Arlington Judge Blocks Historic Preservation of Westover Apartments

Arlington Judge William Newman ruled against community efforts for historic preservation in Westover on September 29. We had asked him to require the county to complete our historic petition for Westover, but the judge says the county can take as many years or decades as it chooses to complete historic review even if all the buildings are lost. He dismissed our lawsuit without even a full hearing on the merits.

Judge Newman—a Democrat and former member of the county board himself— ruled that the county can delay forever in processing our historic petition forever. He did not even have the sense of justice to allow us to argue our case with evidence at a trial. He dismissed our case with prejudice (meaning we can never re-file).

He ruled that the county does not have to proceed at all on our historic petition which was filed about 3 ½ years ago. Since we filed our historic petition, four apartment buildings were demolished in addition to seven demolished before.

Digital Camera

It is ironic that Judge Newman is married to a billionaire and lives in a mansion on an estate in Middleburg Virginia worth many tens of millions of dollars, and ruled that it is okay for the county government to allow the demolition of 70-year old apartments that house renters who live on very small incomes. There is plenty of room in Arlington for millionaires and billionaires living in their big mansions, but no room for a disabled veteran, a school aide or a library technician getting by on under $50,000 a year.

It is a lousy and unfair justice and political system that values billionaires and developers over modest people living in Arlington. Justice deferred is justice denied. This is not justice.

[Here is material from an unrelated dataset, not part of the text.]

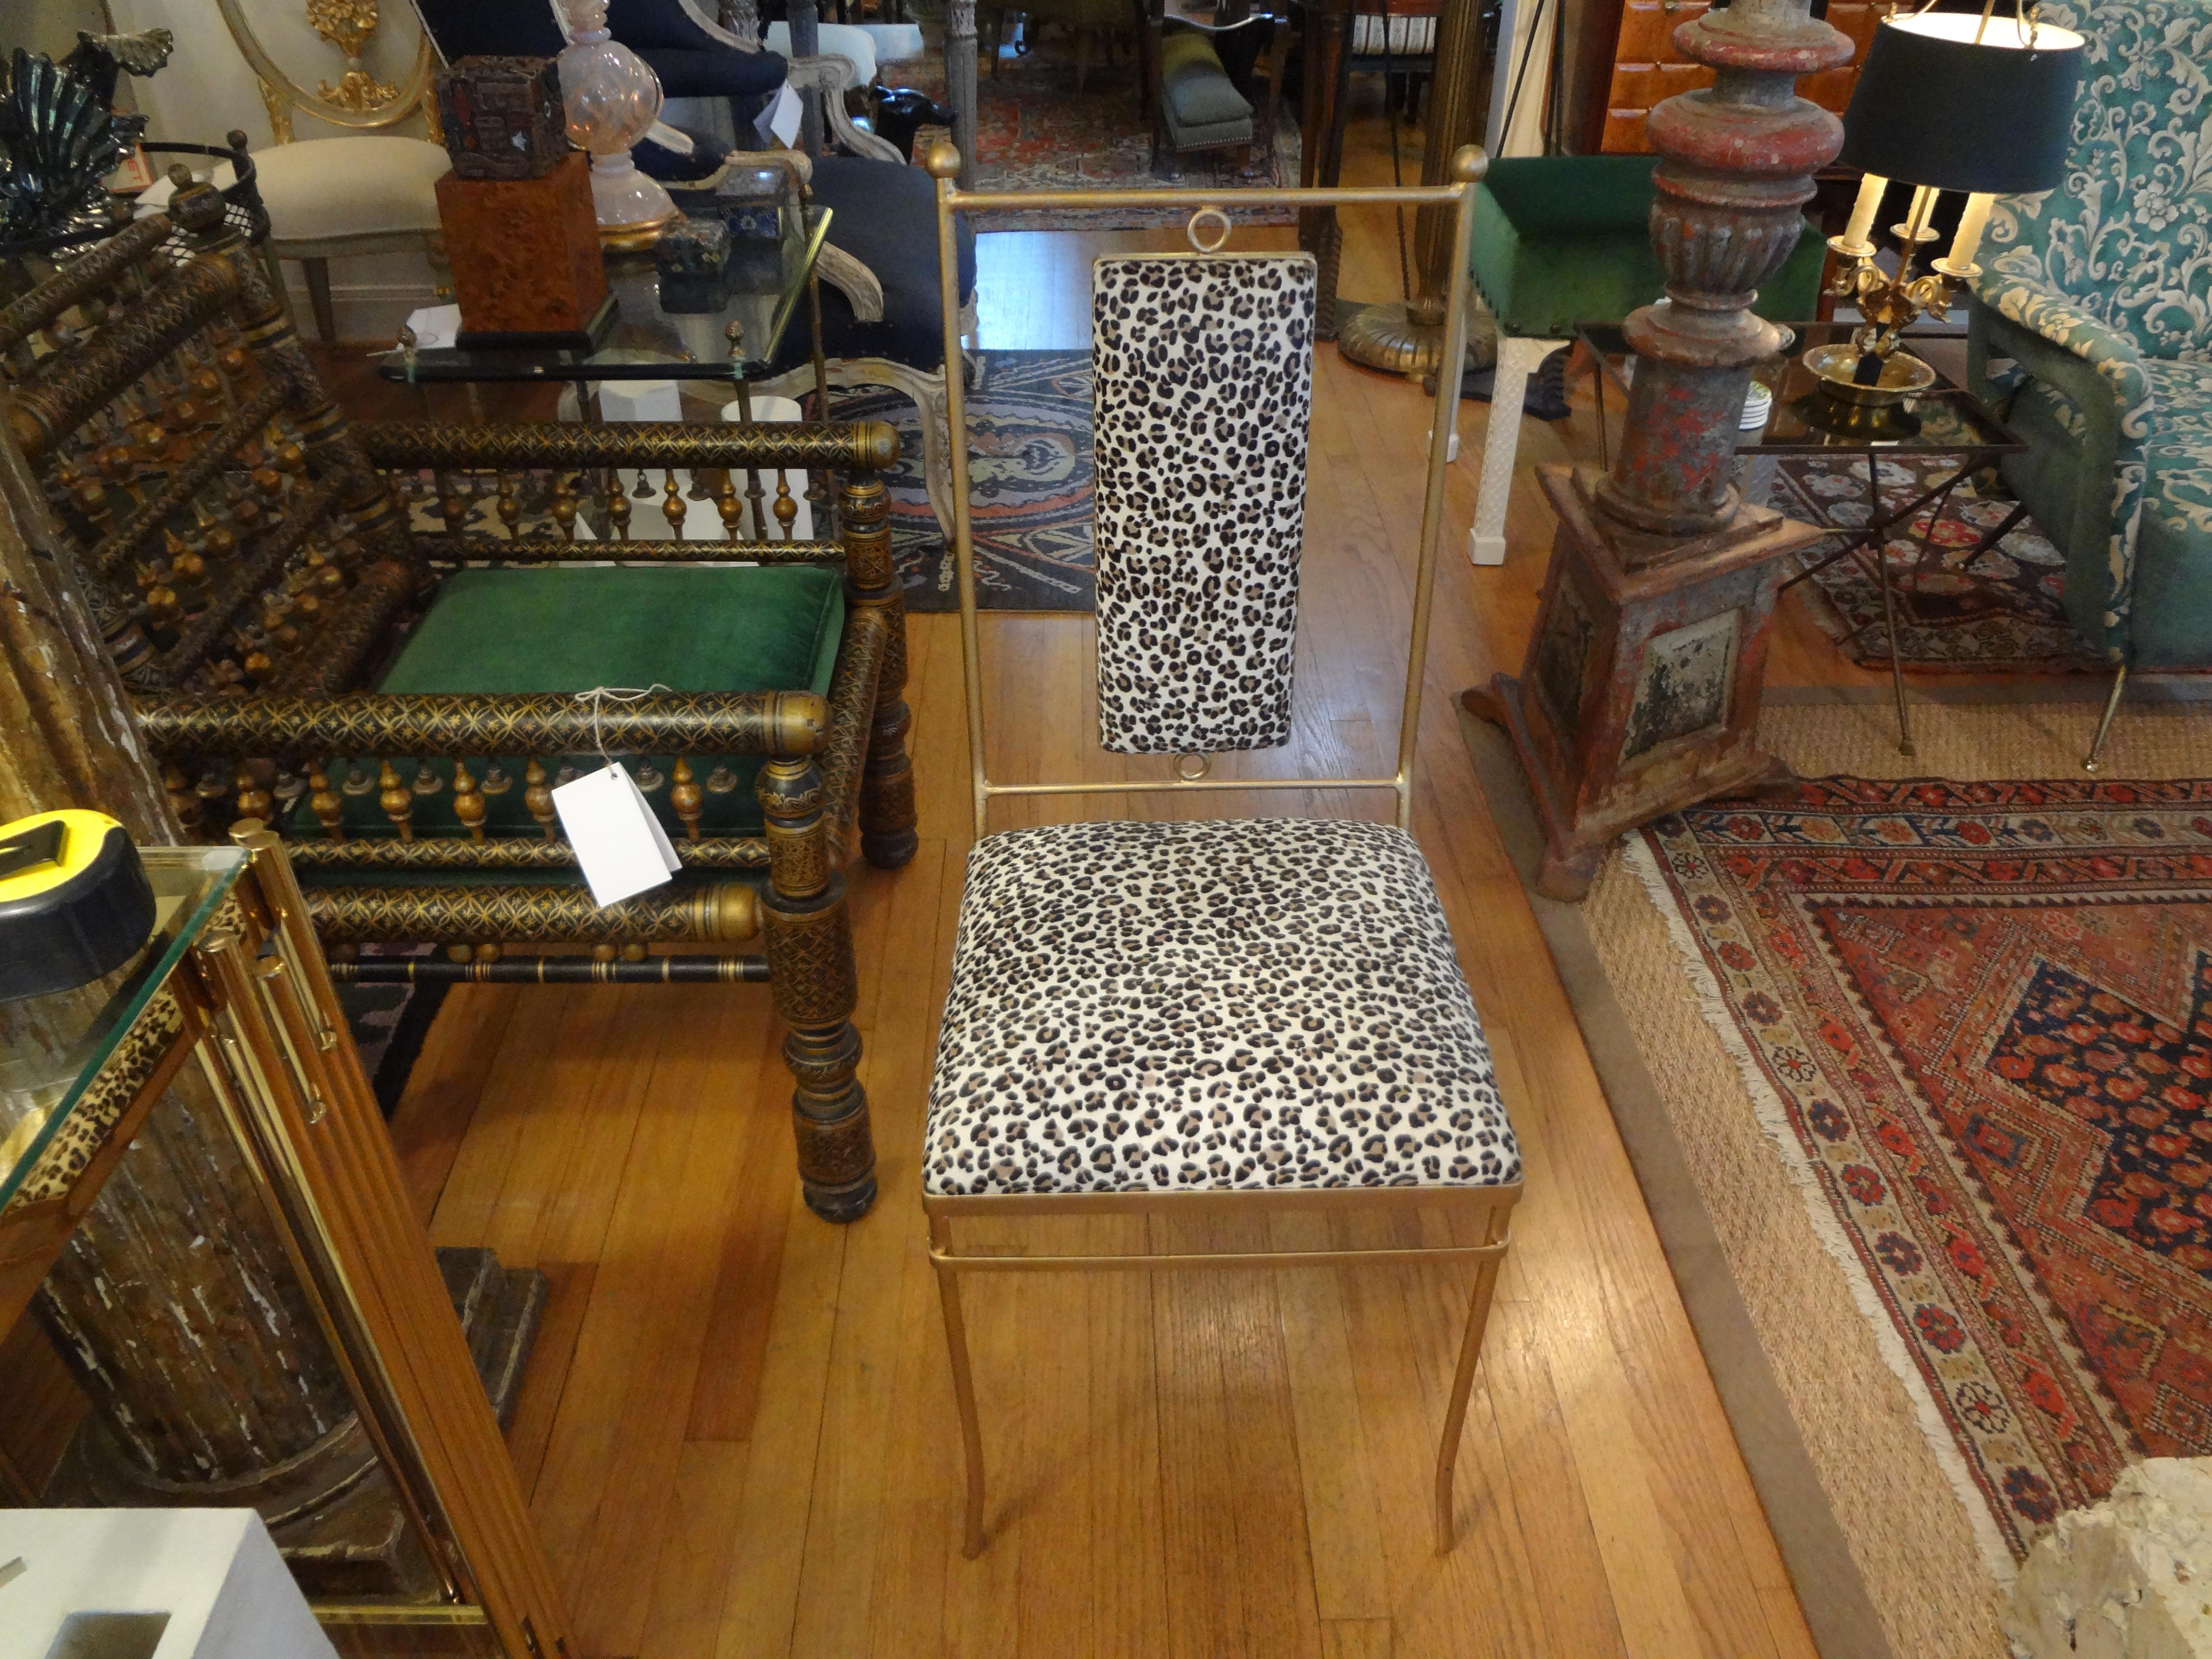 Italian Gilt Iron Chair with Leopard Print Hide Upholstery, Gio Ponti Inspired 2
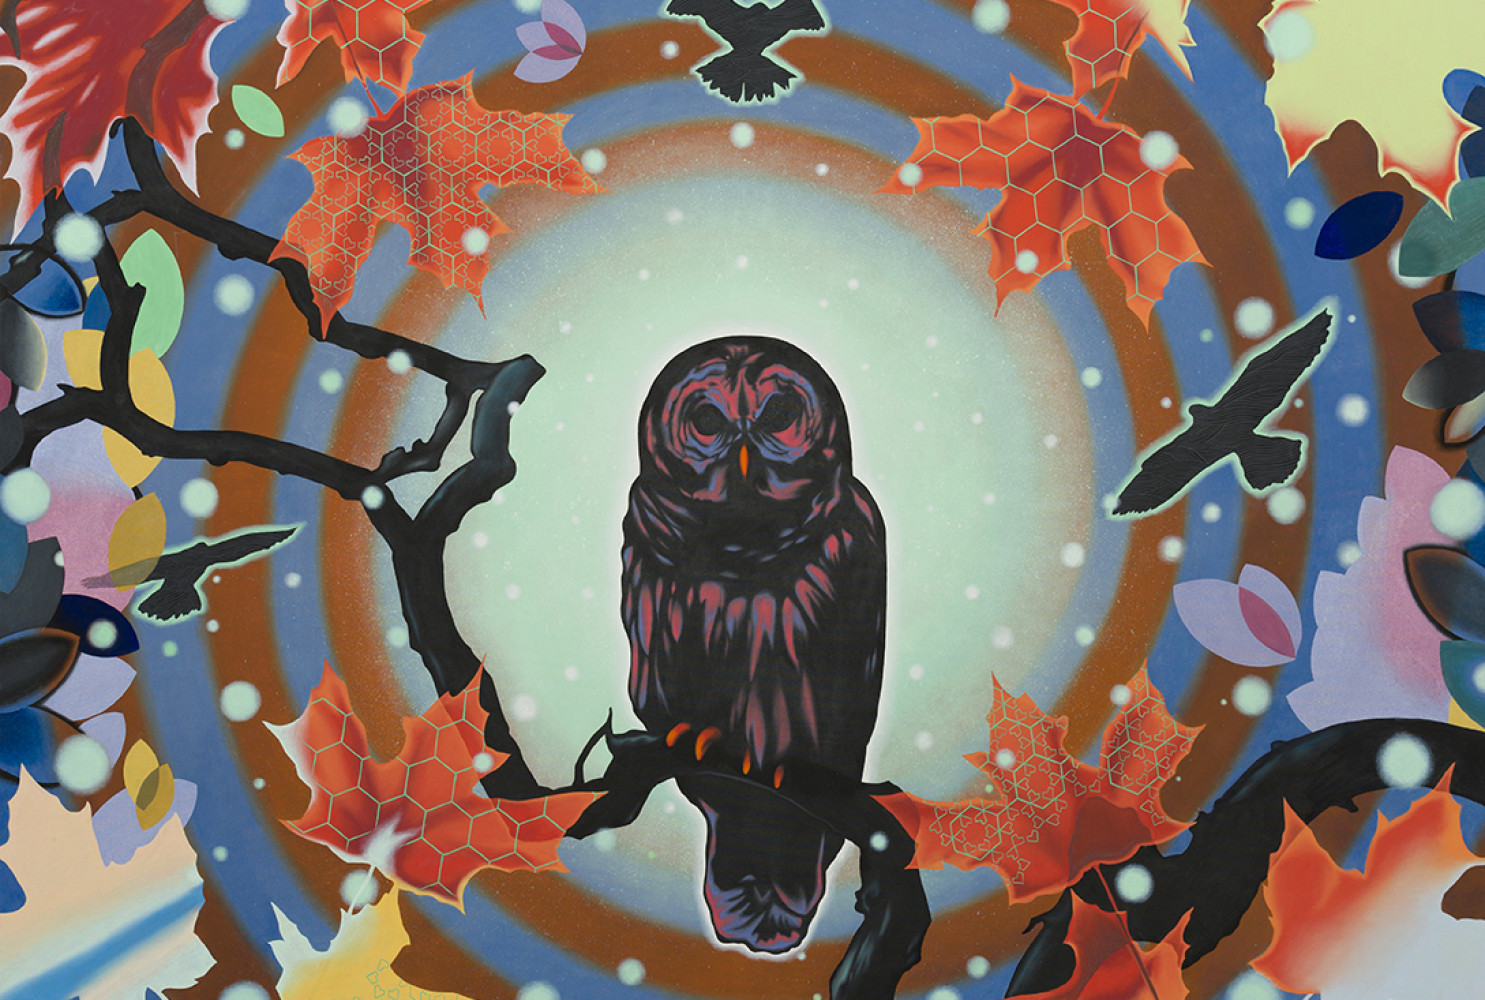 Caravan (Owl), 2012, by Peter Gerakaris (United States, b. 1981). Oil on canvas. 84 x 84 inches. Purchased with funds generously donated by Adrienne and John Mars, National Museum of Wildlife Art. © Peter Gerakaris. M2016.042.

We cannot appeal the judge’s egregious decision to the Virginia Supreme Court since this would cost us at least $15,000, and we can never recoup any of these legal fees even if we were to win our case. So our justice system works well for the rich and developers, but not for ordinary people in Arlington.

With our court case thrown out, we asked the county board itself to bypass the local historic review board and take up the matter itself and give us a final decision. But this is highly unlikely as the board is in league with developers who choose to demolish older and simpler homes and build new, bigger, more energy wasteful, and expensive homes for the rich. And we wonder why we have an affordable housing problem in Arlington.

We will continue as best we can to preserve Arlington along with modest apartments for middle and working income people in Arlington.